━━━━━ Available data

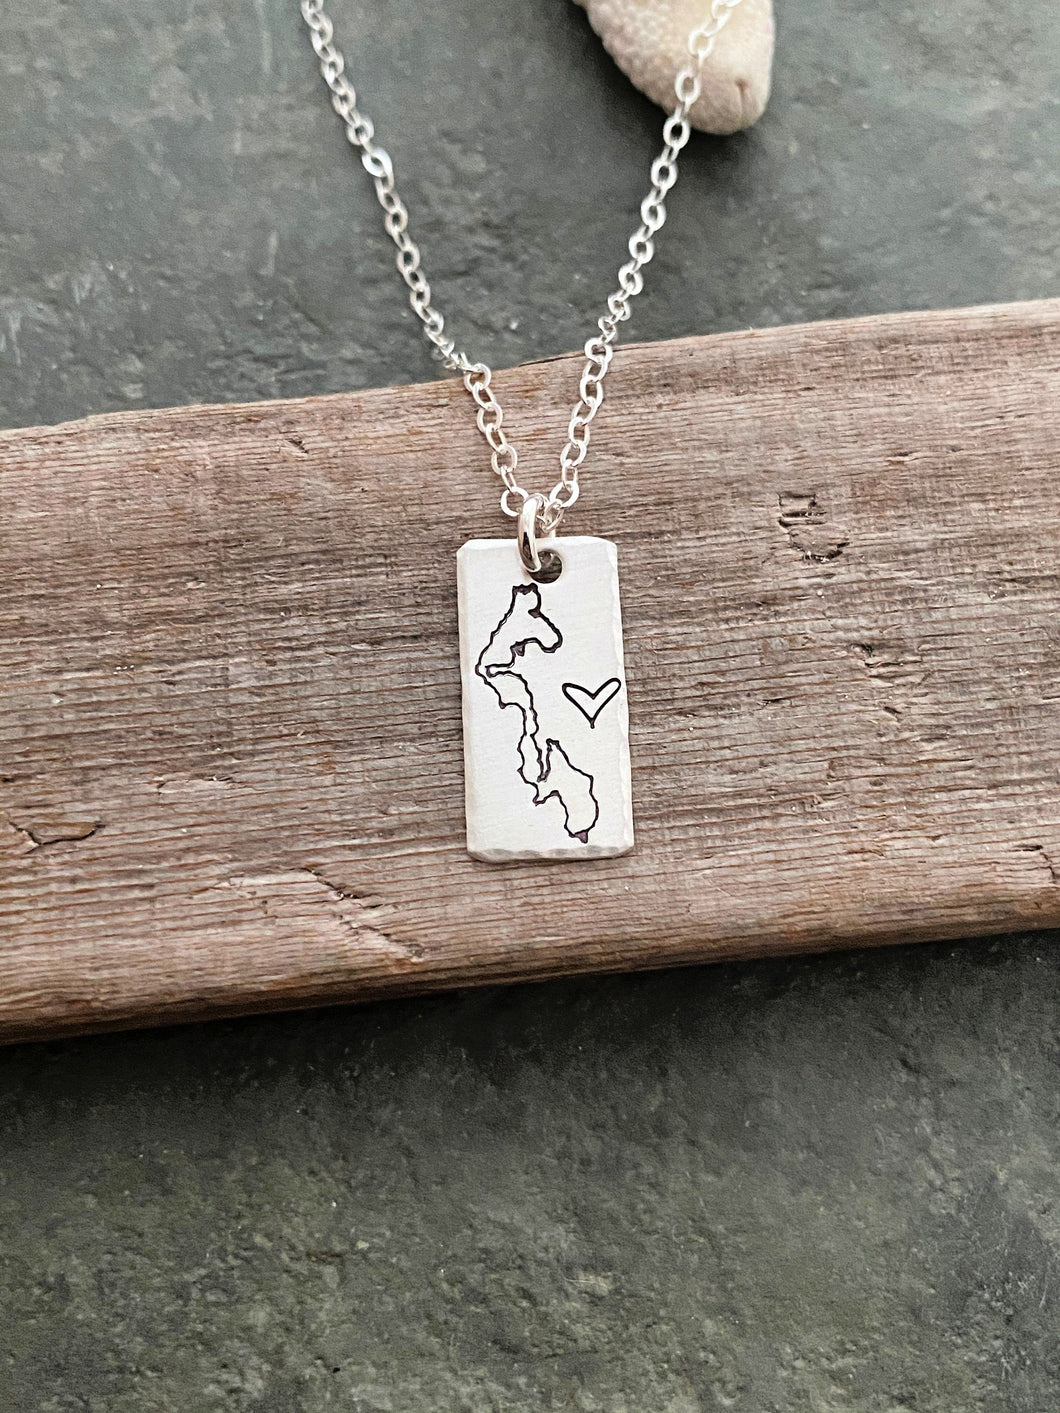 Whidbey Island Necklace - Hand stamped outline of Whidbey Island Washington State Sterling Bar with Sterling silver chain and Heart design
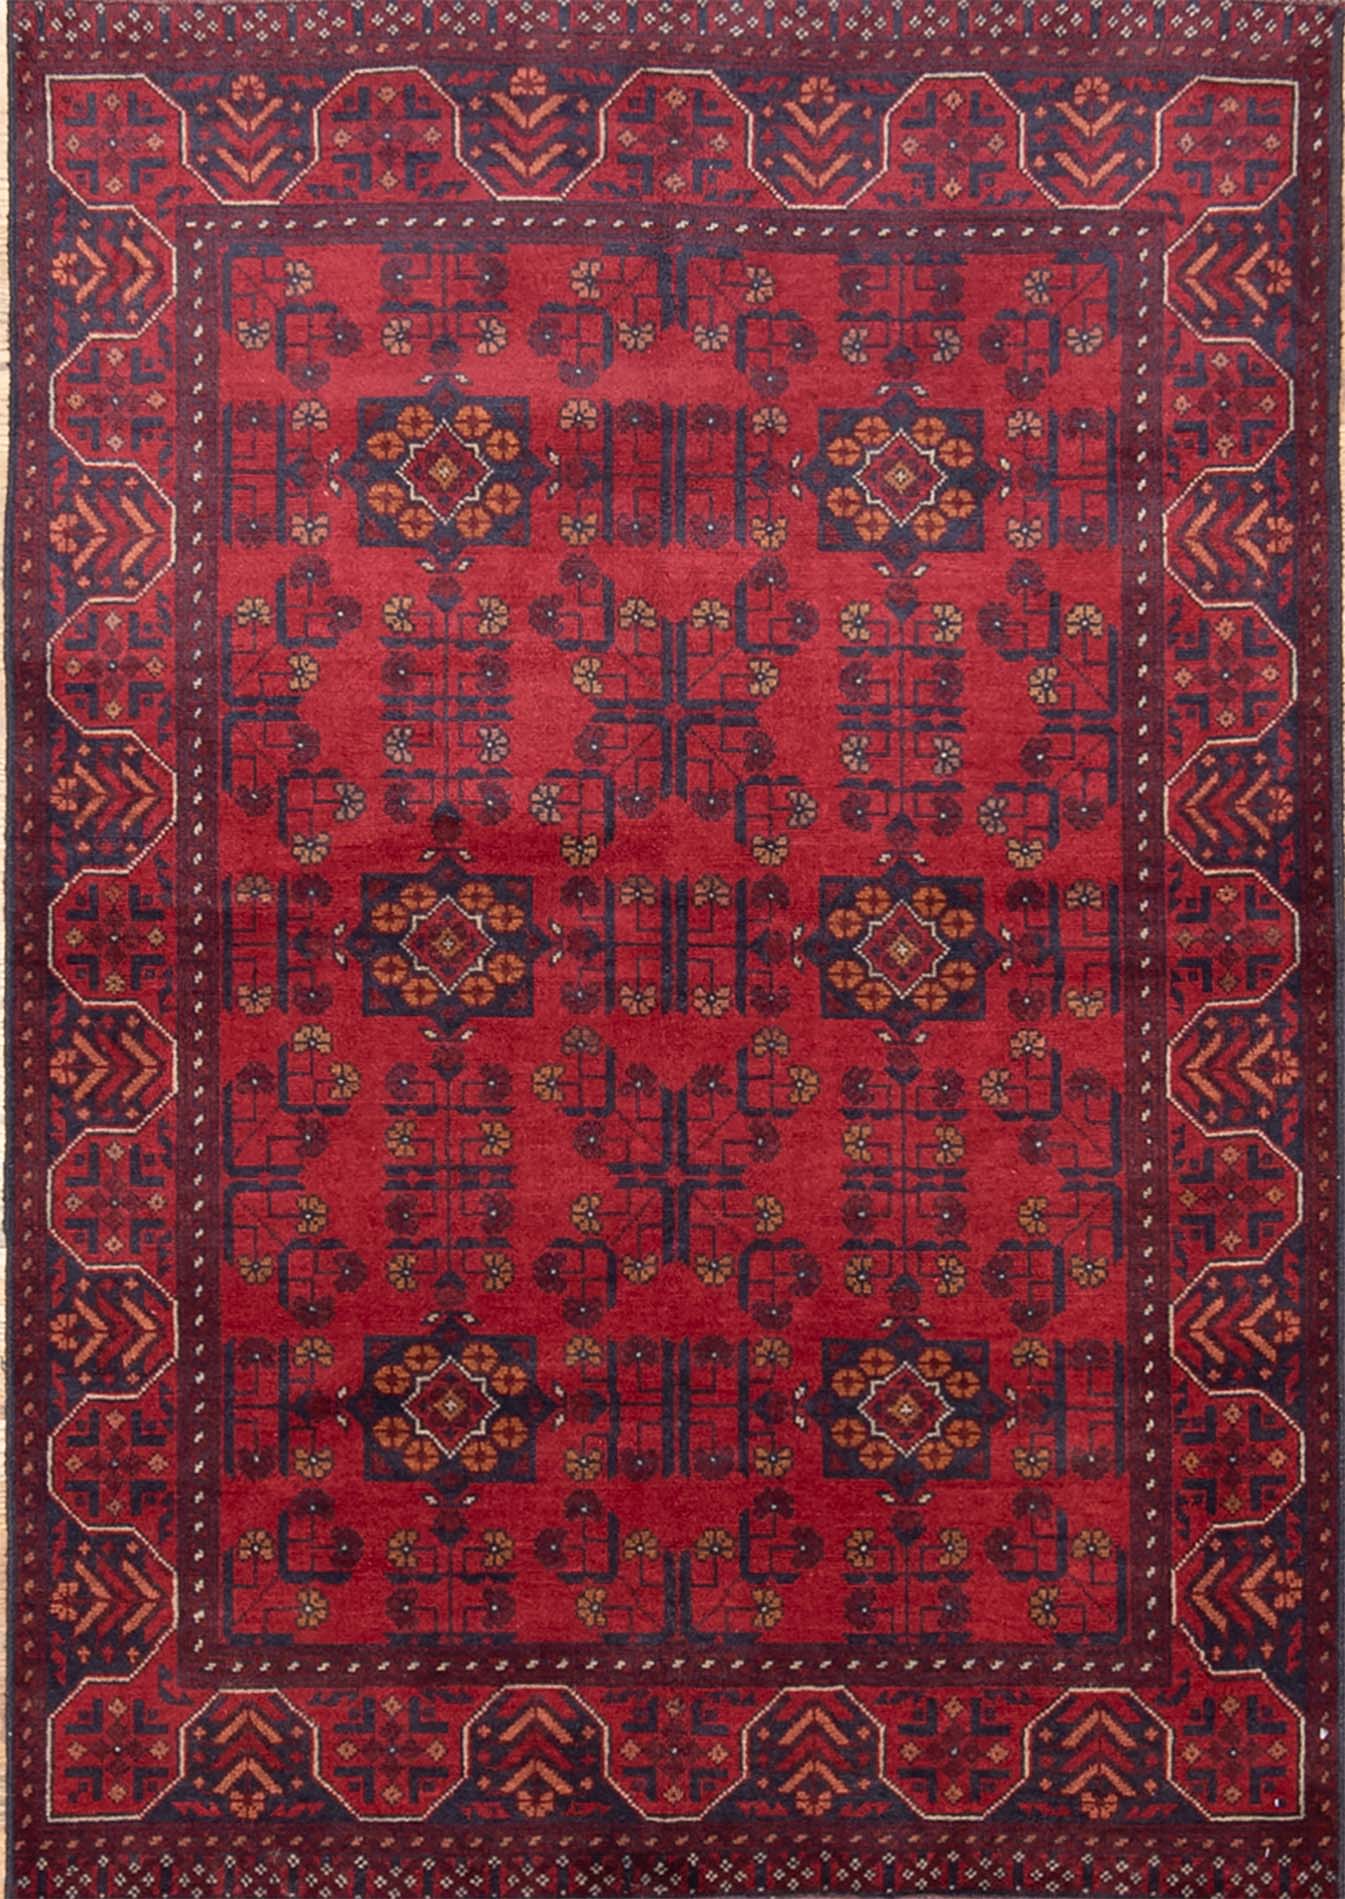 Wool 4x6 rug. Hand knotted tribal wool rug in red color made in Afghanistan.
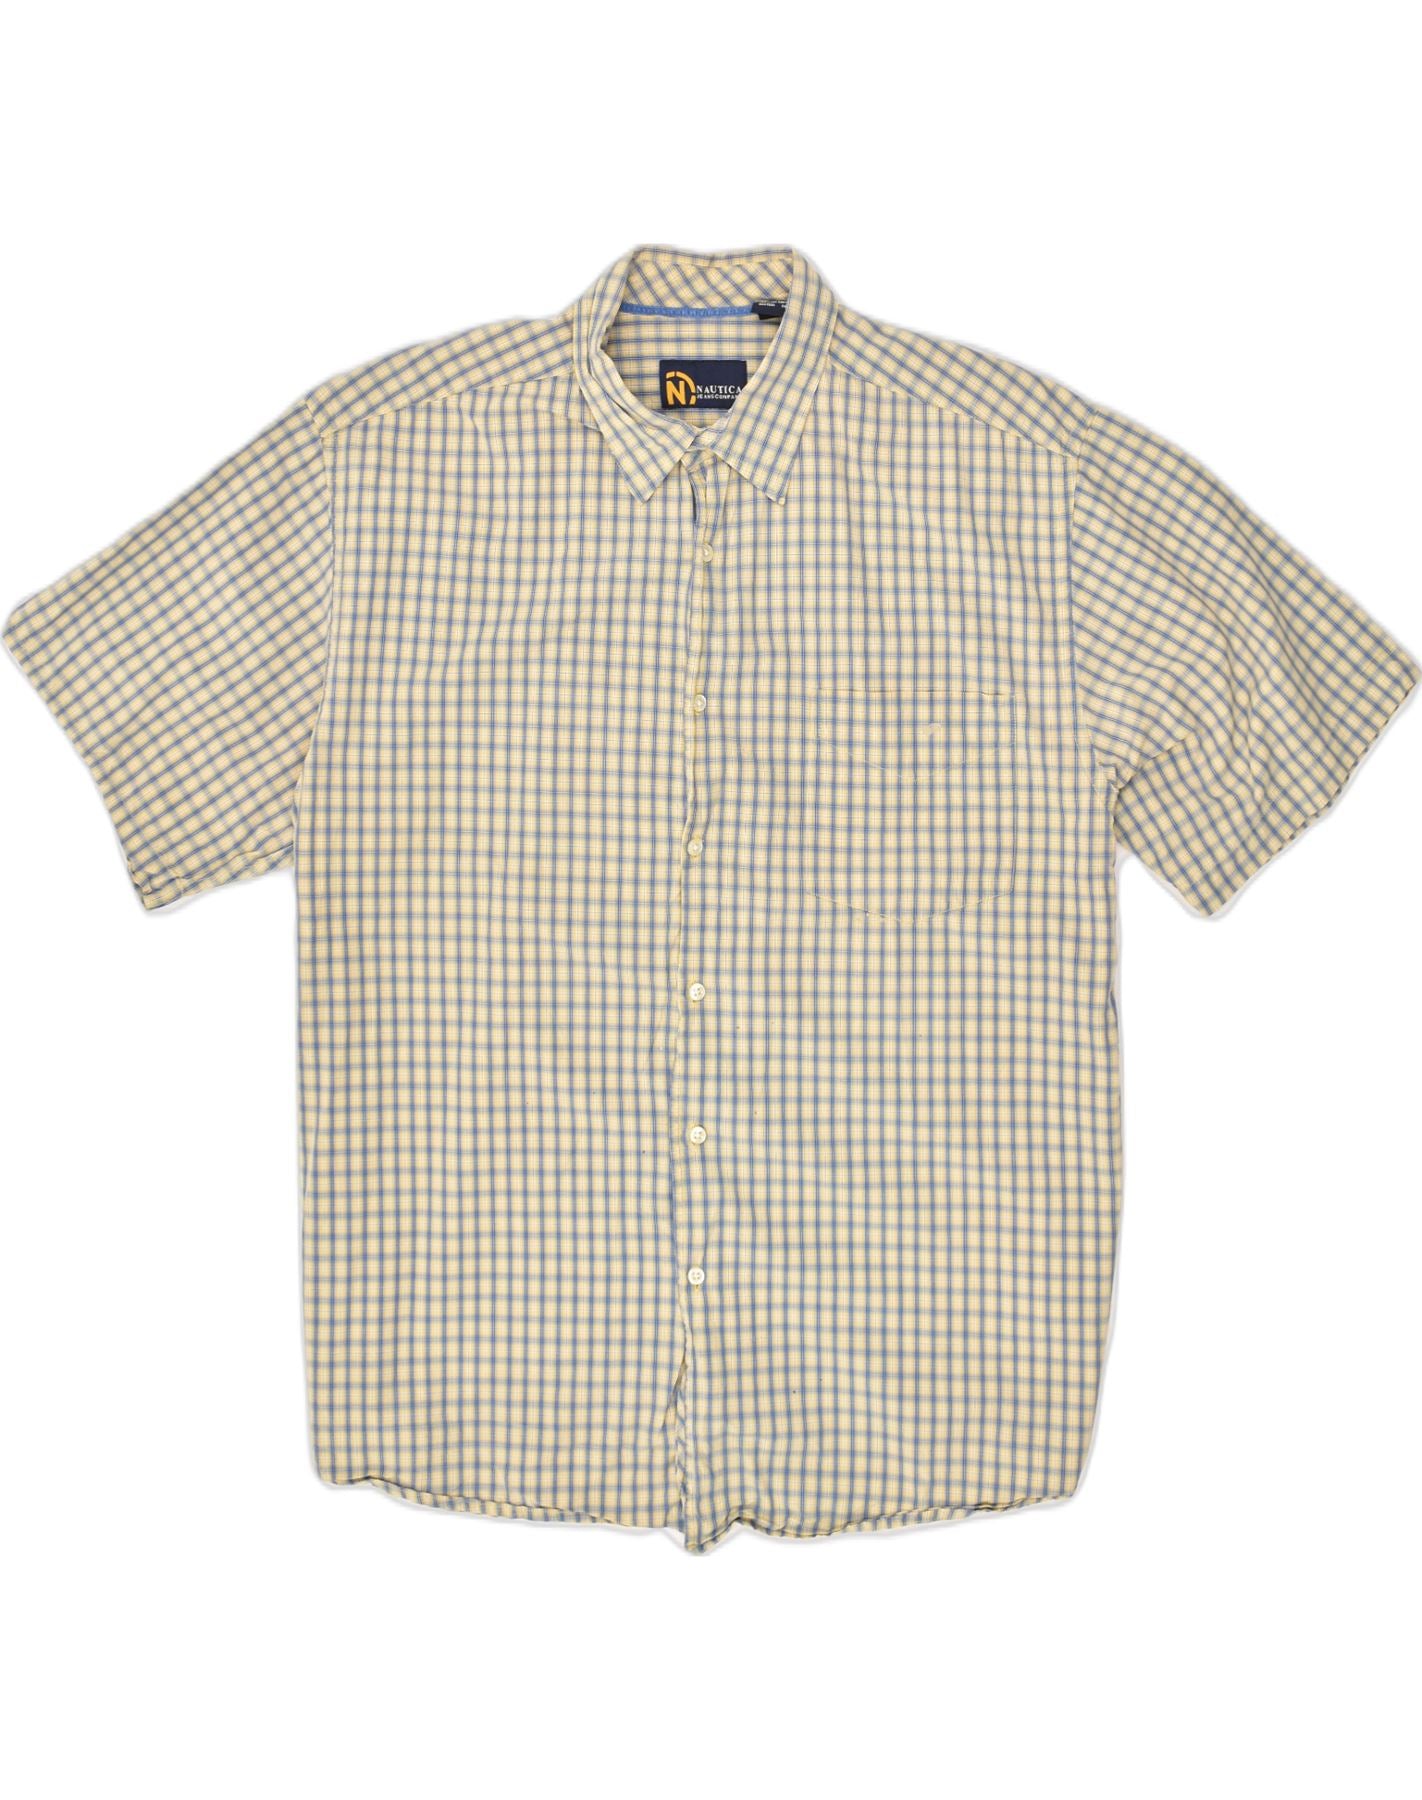 NAUTICA Mens Shirt Large Multicoloured Check Cotton, Vintage & Second-Hand  Clothing Online

━━━━━━━━━━

=== Your goal ===
Leave out the pictures. Transcribe only the lines above, from the first through the one that contains "Wool 4x6 rug.".

=== Solution ===
 Whidbey Island Necklace - Hand stamped outline of Whidbey Island Washington State Sterling Bar with Sterling silver chain and Heart design
 Wool 4x6 rug. Hand knotted tribal wool rug in red color made in Afghanistan.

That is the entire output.